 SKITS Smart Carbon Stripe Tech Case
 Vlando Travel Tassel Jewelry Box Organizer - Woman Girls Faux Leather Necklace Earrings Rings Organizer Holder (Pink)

----------------

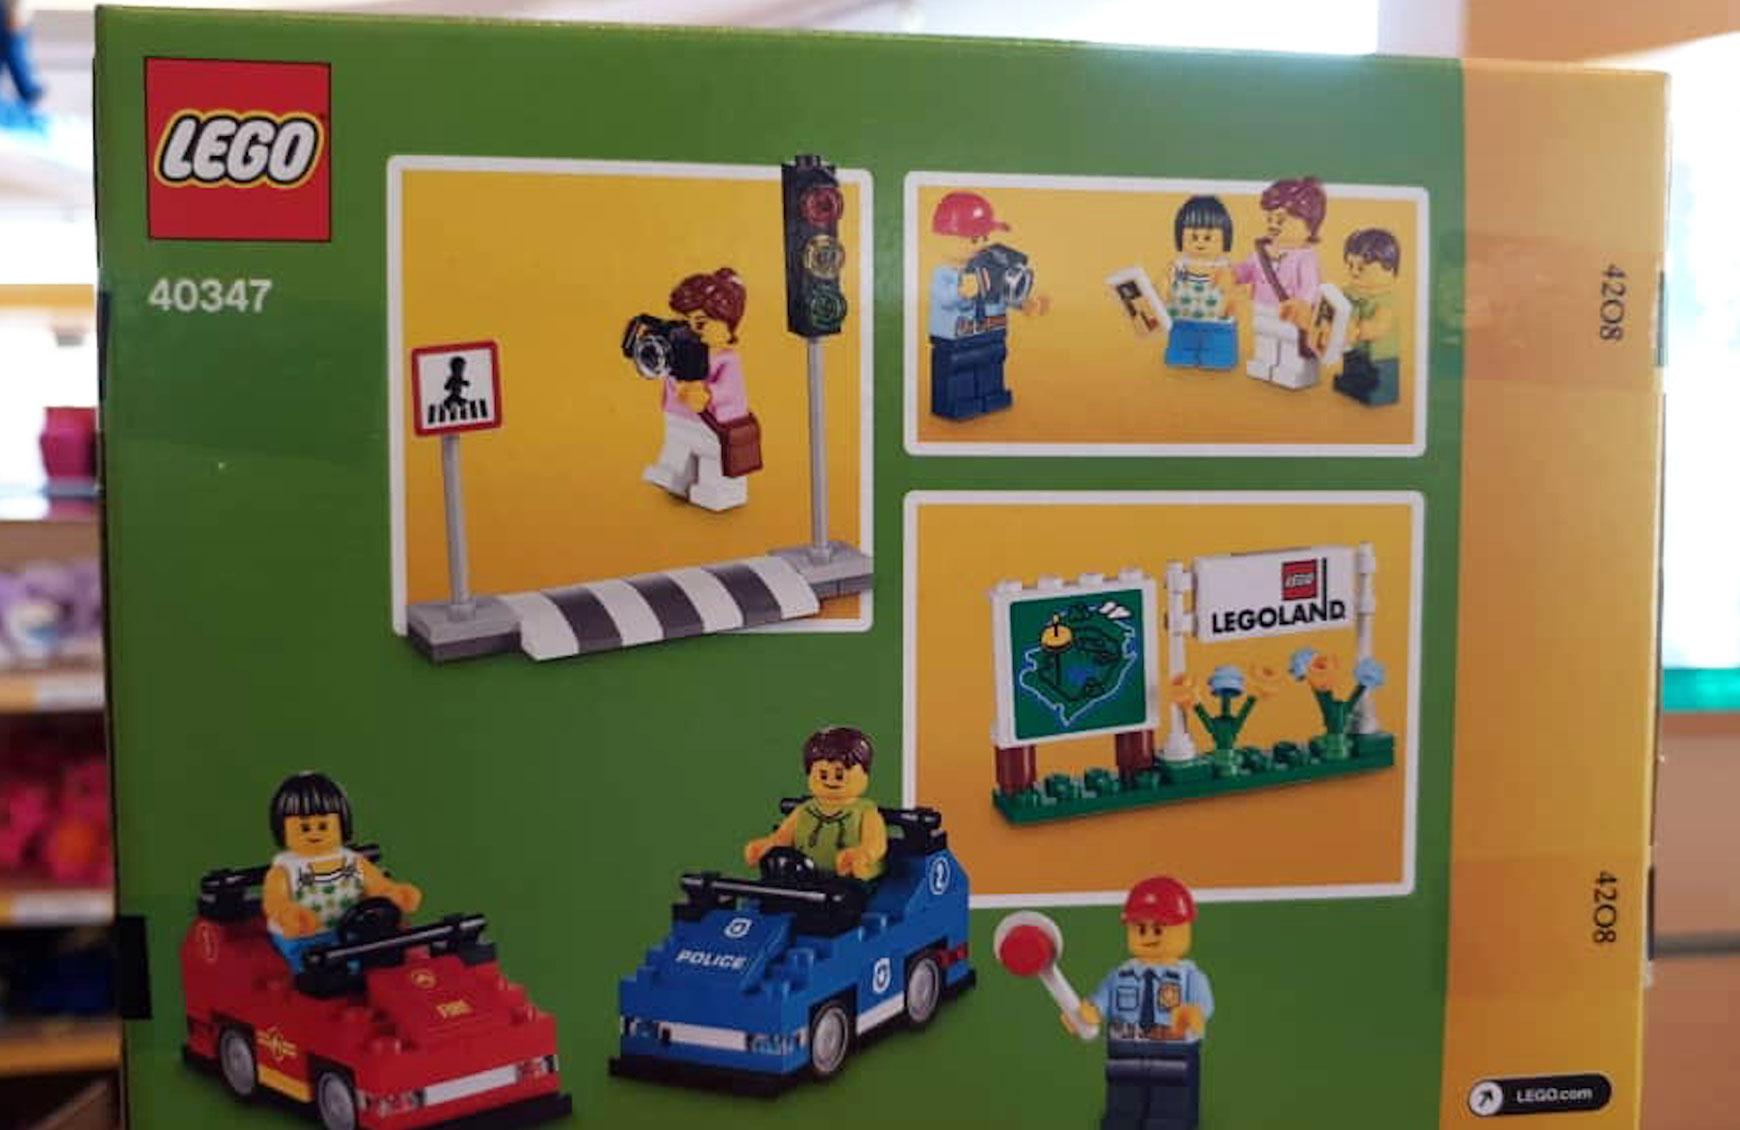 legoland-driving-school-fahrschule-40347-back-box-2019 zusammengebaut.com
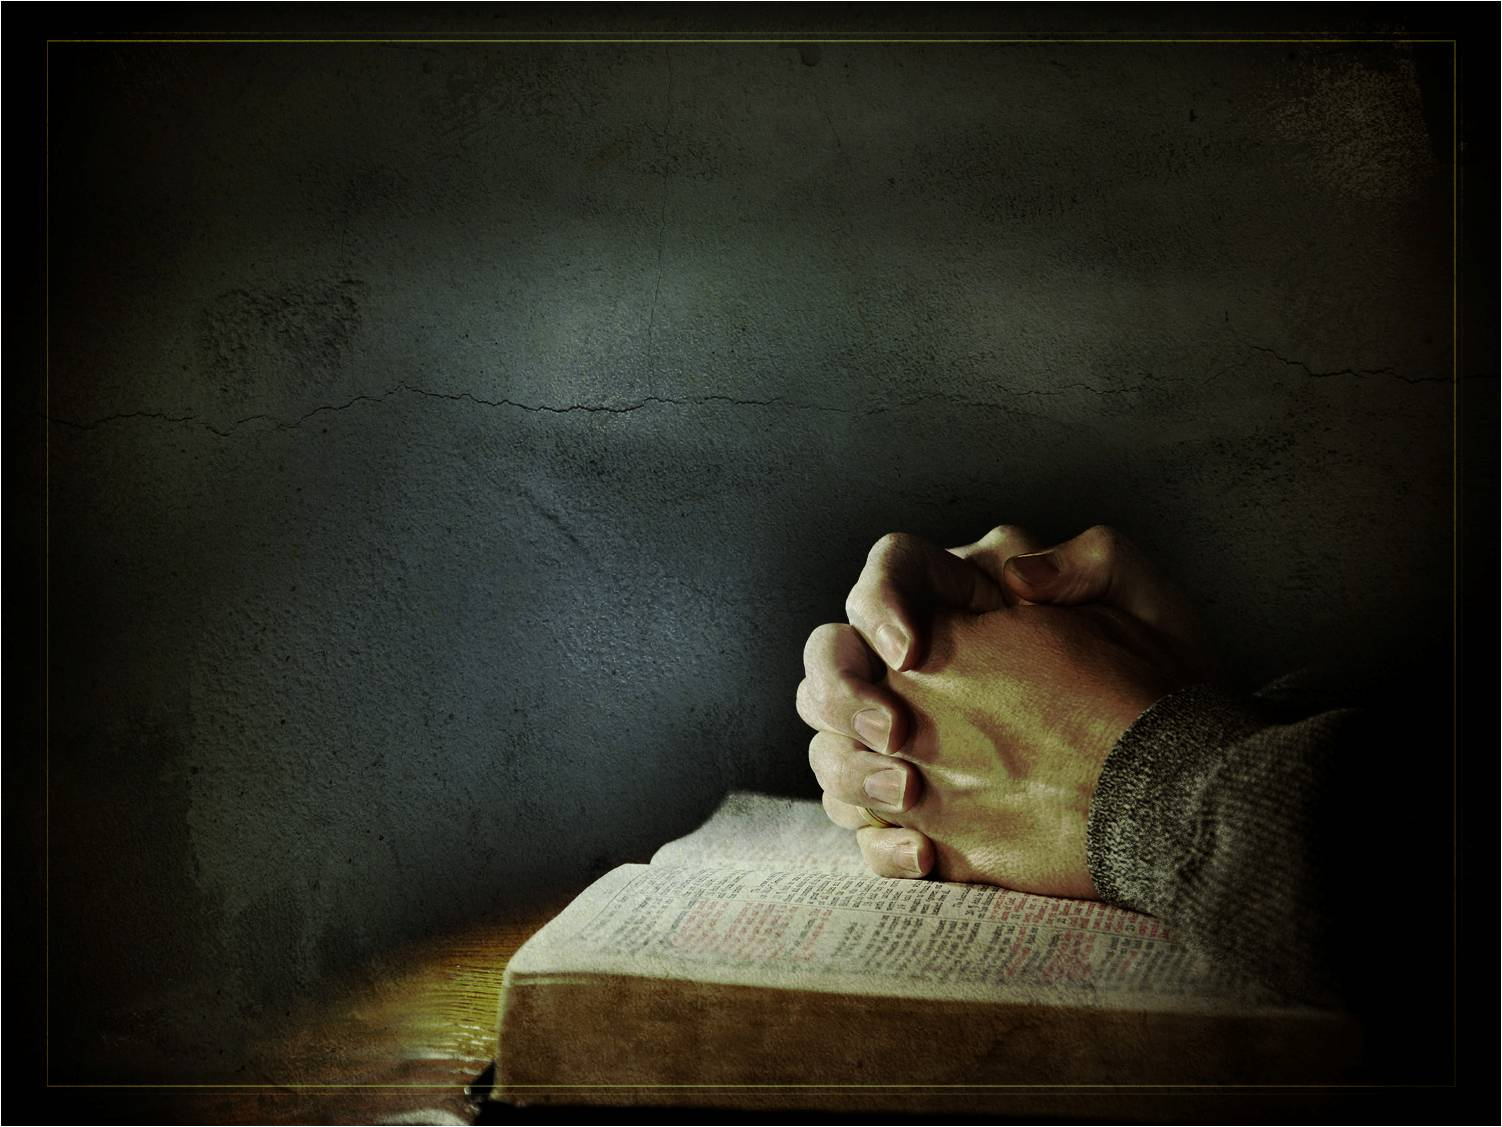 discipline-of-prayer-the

----------------

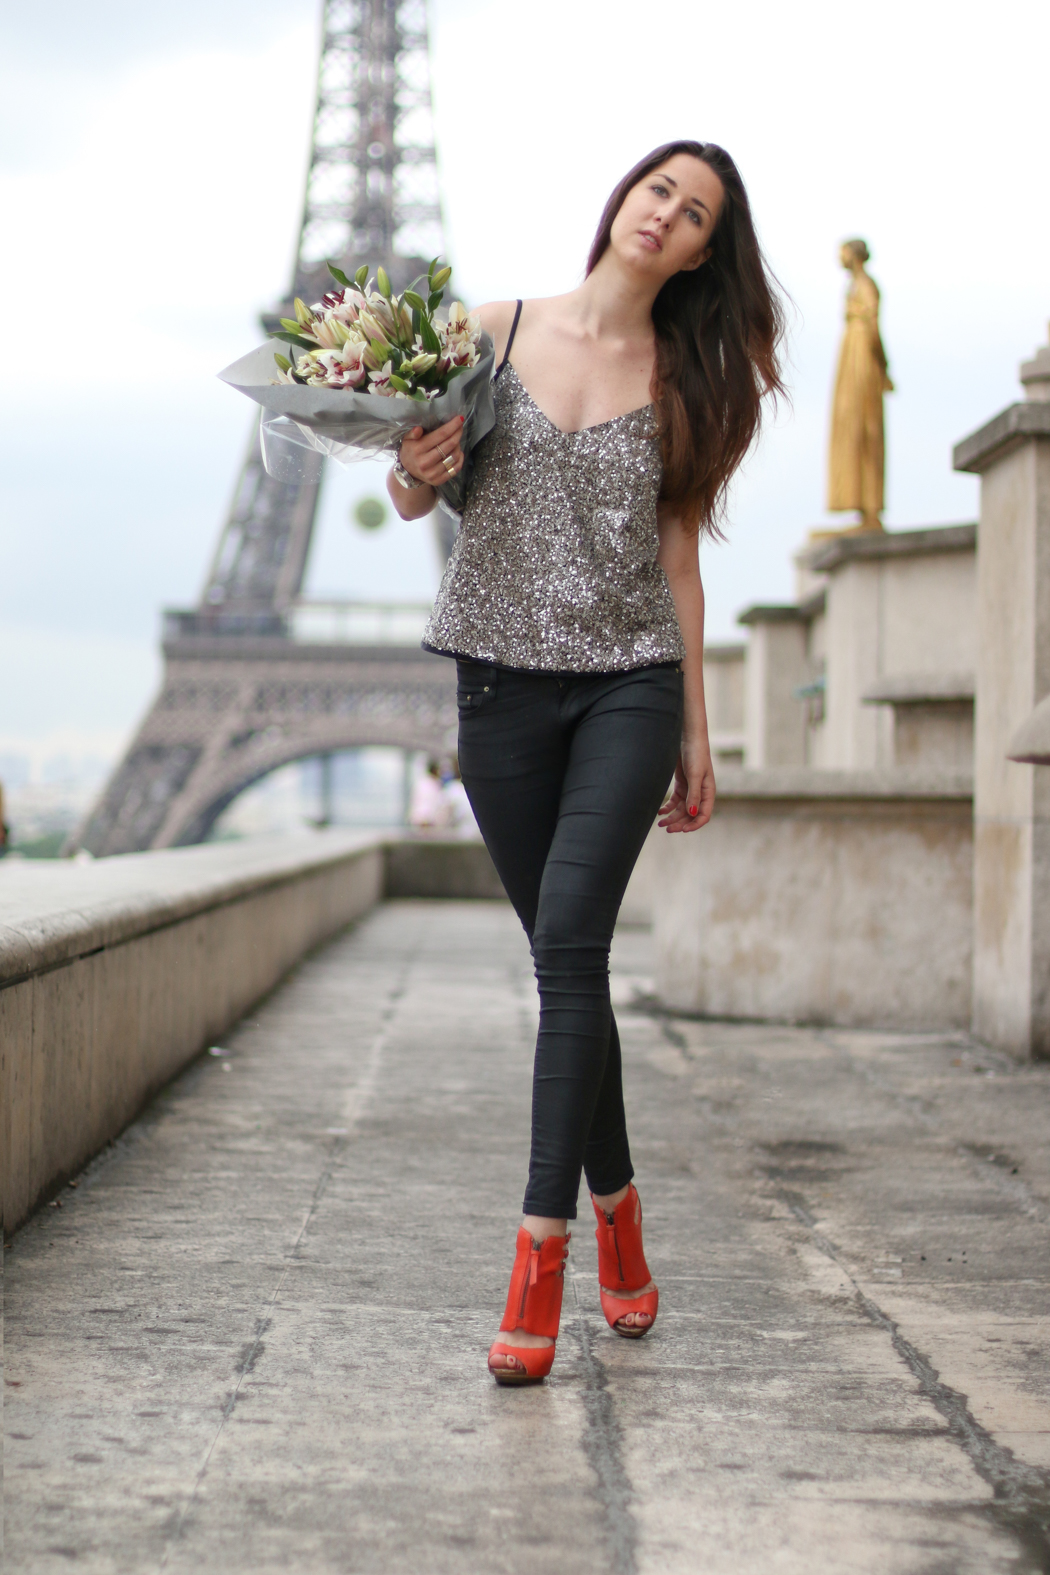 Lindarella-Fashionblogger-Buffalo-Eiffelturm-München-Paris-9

----------------

Of the lines above, output exactly those from the line bearing "SKITS Smart Carbon Stripe Tech Case" through the line bearing "Vlando Travel Tassel", inclusive.

 SKITS Smart Carbon Stripe Tech Case
 Vlando Travel Tassel Jewelry Box Organizer - Woman Girls Faux Leather Necklace Earrings Rings Organizer Holder (Pink)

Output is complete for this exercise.